“No one in America should be working 40 hours a week and living below the poverty level,” said Joe Biden last year, “No one. No one.”
That’s a sentiment I share with the vice president. And the good news is that almost no one who works 40 hours a week lives below the poverty level.
That’s the finding of the latest report on income and poverty from the Census Bureau. For those aged 18 to 64 who work full time, year round the poverty rate is a mere 2.4 percent. Those who did not work full-time had a poverty rate that was more than ten times higher—31.8 percent.
But as Preston Cooper points out, the number of full-time workers in poverty may be even less since the definition of poverty used by the Census Bureau does not take into account taxes and transfers such as the Earned Income Tax Credit, which tops up the wages of low-income workers.

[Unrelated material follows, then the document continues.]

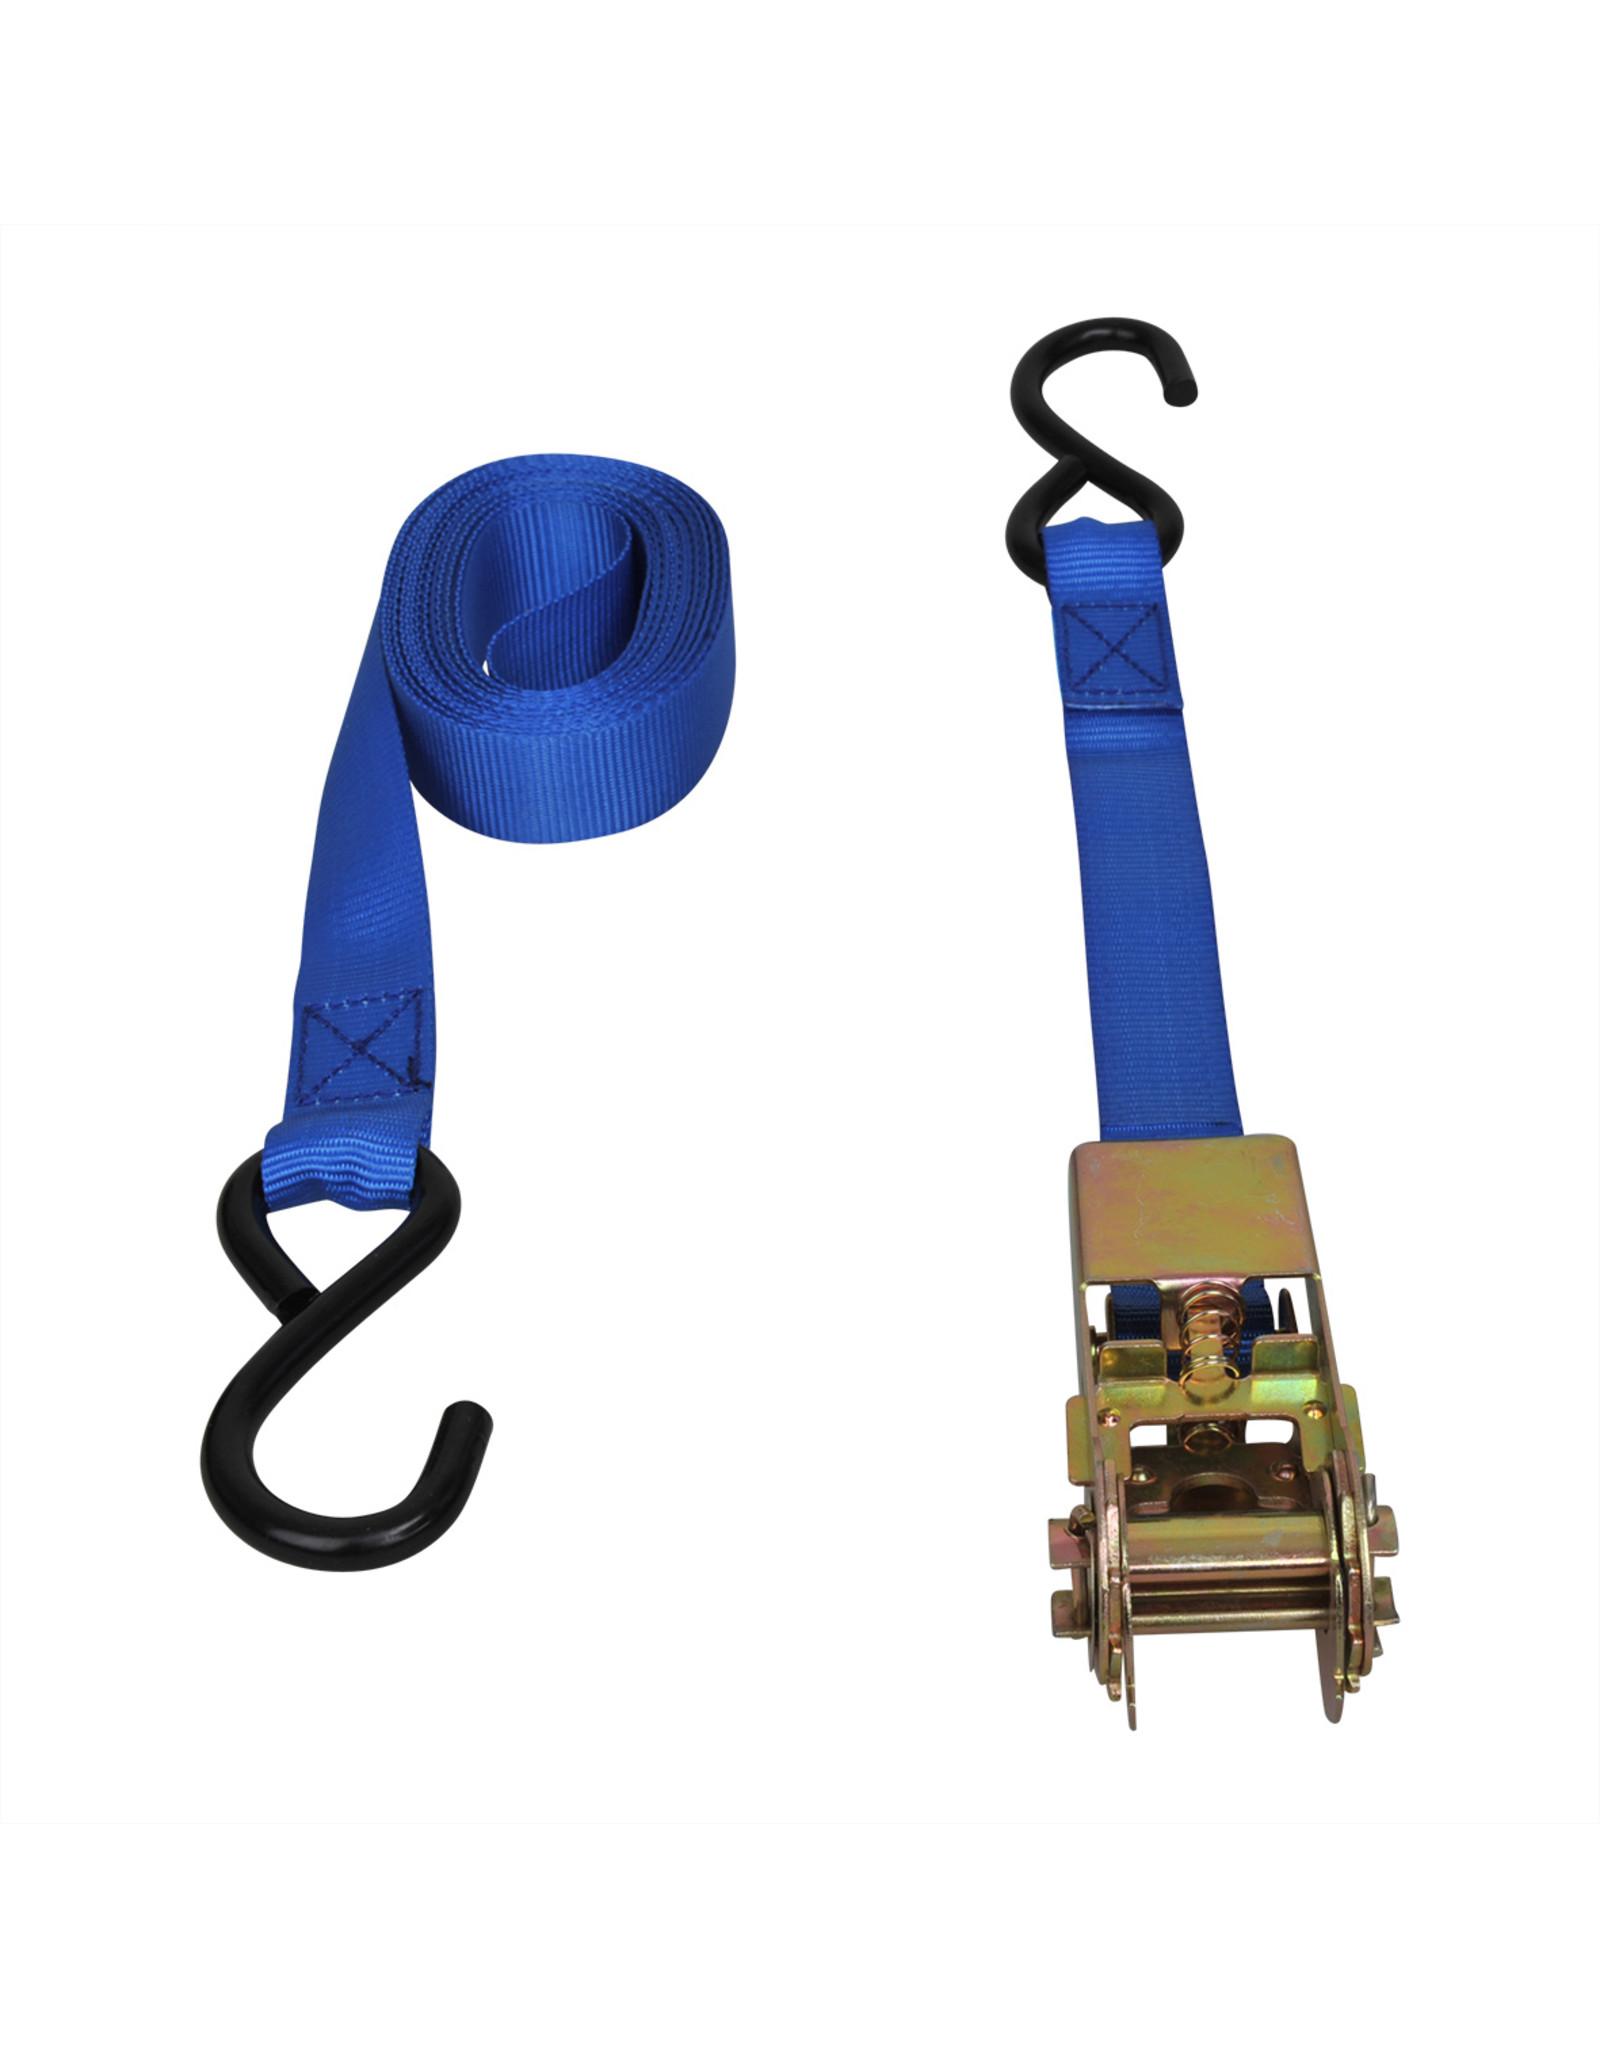 Spanband blauw met ratel + 2 haken 3,5 meter

Since jobs lift people out of poverty, shouldn’t we support Biden’s proposal to increase the minimum wage? No, because as Cooper notes, “If the goal is poverty alleviation, the tradeoff inherent in raising the minimum wage is not worth it.”
Antipoverty policy should focus on helping the nine-tenths of working age people in poverty who do not work 40 hours a week and year round. Raising the minimum wage would aid just a small share of those in poverty—while creating even higher barriers to entering the workforce for everyone else.
After decades of empirical evidence this connection should be obvious. And yet many Americans still are shocked when raising the minimum wage merely increases the poverty rate. Instead of rethinking their support they double-down, calling for even greater increases in wages which only have the effect of reducing the number jobs available, making it even more difficult for people to escape poverty.
If we truly want to end the cycle of poverty in America we first need to break the cycle of fallacious economic thinking about the minimum wage.